Chroniques

par laurent bergnach

Philippe Olivier
Pierre Boulez – Le Maître et son marteau

Hermann Éditeurs (2005) 312 pages
ISBN 2-7056-6531-5
Pierre Boulez – Le Maître et son marteau

« Jamais, dans l'histoire de la musique de notre pays, un créateur sonore ne cumula autant de dons ». Dès l'introduction de son ouvrage, Philippe Olivier rappelle à ceux qui en doutaient que Pierre Boulez n'est pas seulement, aujourd'hui, le musicien français le plus célèbre de par le monde, mais qu'il y a certainement de bonnes raisons à cela. Pourtant, comme le créateur eut du mal à être prophète en son pays ! En 1959, lassé de l'immobilité de ses compatriotes, des moyens qu'on lui refuse, d'une radio qui ronronne, il part s'établir à Baden-Baden – avant de s'adapter avec aisance au monde anglo-saxon.

Dans un travail qui ne se veut pas exhaustif vu la proximité du sujet, l'auteur analyse combien, à des lieues de l'esthétique du Groupe des Six, les sympathies artistiques de Boulez parurent suspectes dans l'immédiate après-guerre – des siècles de catholicisme, des décennies de germanophobie n'arrangeant rien (comme le prouve cet article Adieu donc, Herr Boulez ! écrit en... 1966). Dès lors, la France officielle, celle qui s'oppose aux initiatives individuelles, aux courants spontanés, cherche à éloigner un ingrat, sinon un traître, des postes à responsabilité, voire de la vie musicale tout court. L'ennemi a plusieurs visages, et on sait les heurts fréquents avec Marcel Landowski ou André Jolivet. Le Marteau sans Maître (1955) est donc créé outre-Rhin, ainsi que Pli selon pli (1962).
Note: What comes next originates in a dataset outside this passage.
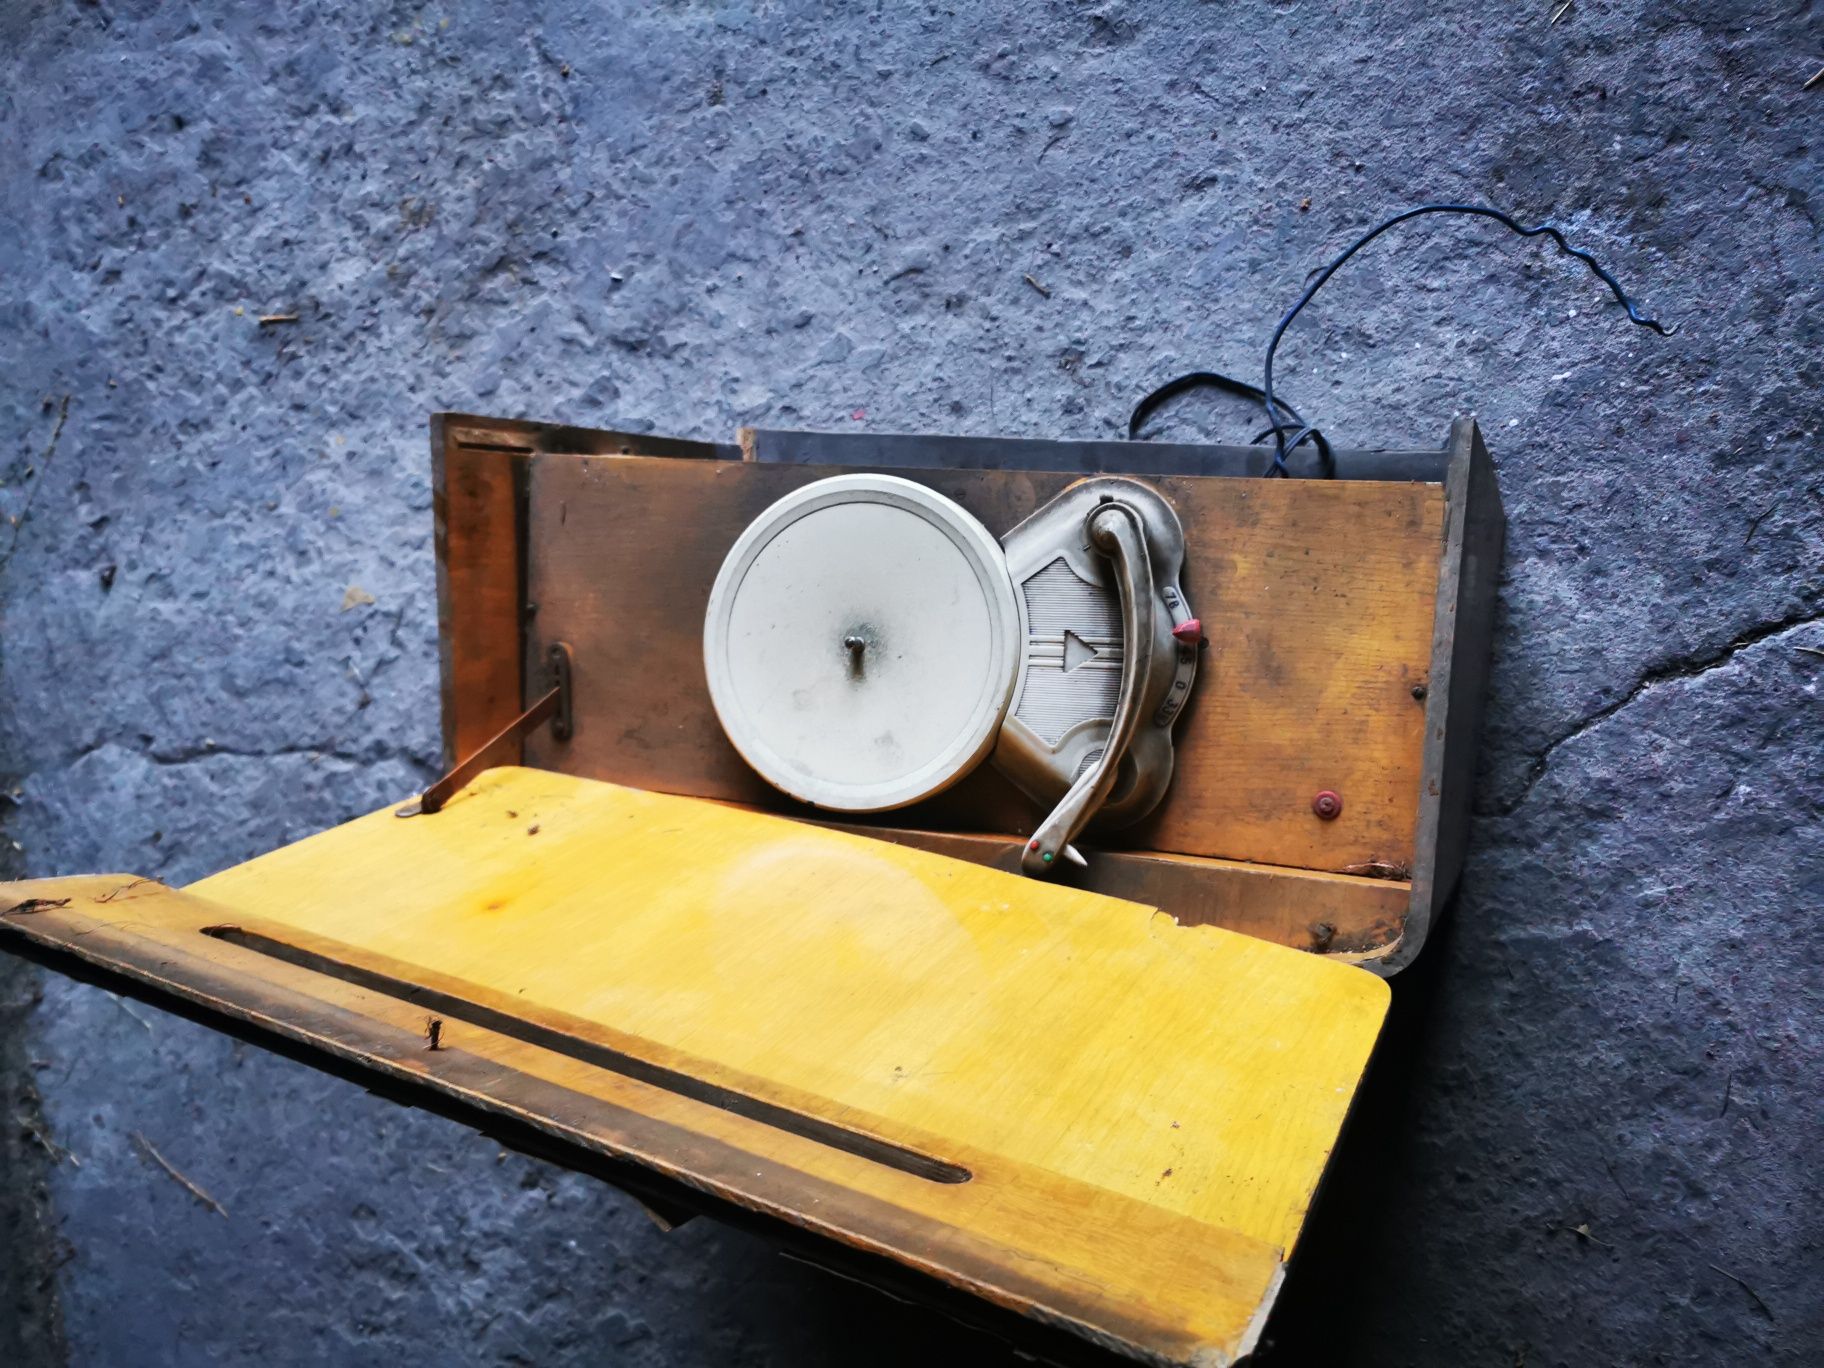 Stare radio z gramofonem

Boudé comme jamais chez nous, Boulez est reconnu dans un pays qui lui offre de diriger, pour la première fois en 1966, à Bayreuth, puis accueilli de façon permanente à Londres (1969) et à New York (1971). Personnalité devenue incontournable, le prestige culturel international de la France passe désormais par la valorisation du musicien ; l'Ircam peut voir le jour, mais le replace au centre de tirs bien nourris. La seconde partie du livre, Germania, explique finement l'adoption allemande et la méfiance autrichienne.

À suivre ce récit d'un exil vécu, avec le recul, comme une chance, on ne peut qu'approuver et rire des multiples saillies du compositeur contre les livrets traduits, le chauvinisme et ces fonctionnaires qui ont mis au tapis de moins résistants que lui. On y retrouve également ses combats autour de l'Orchestre de Paris, du Festival d'Automne, de l'opéra Bastille, etc. Au final, on espère que le lecteur sera convaincu que notre amateur de coupés Mercedes est « un tendre refoulant avec un contrôle de soi hors du commun les déferlements de sa propre sensibilité ».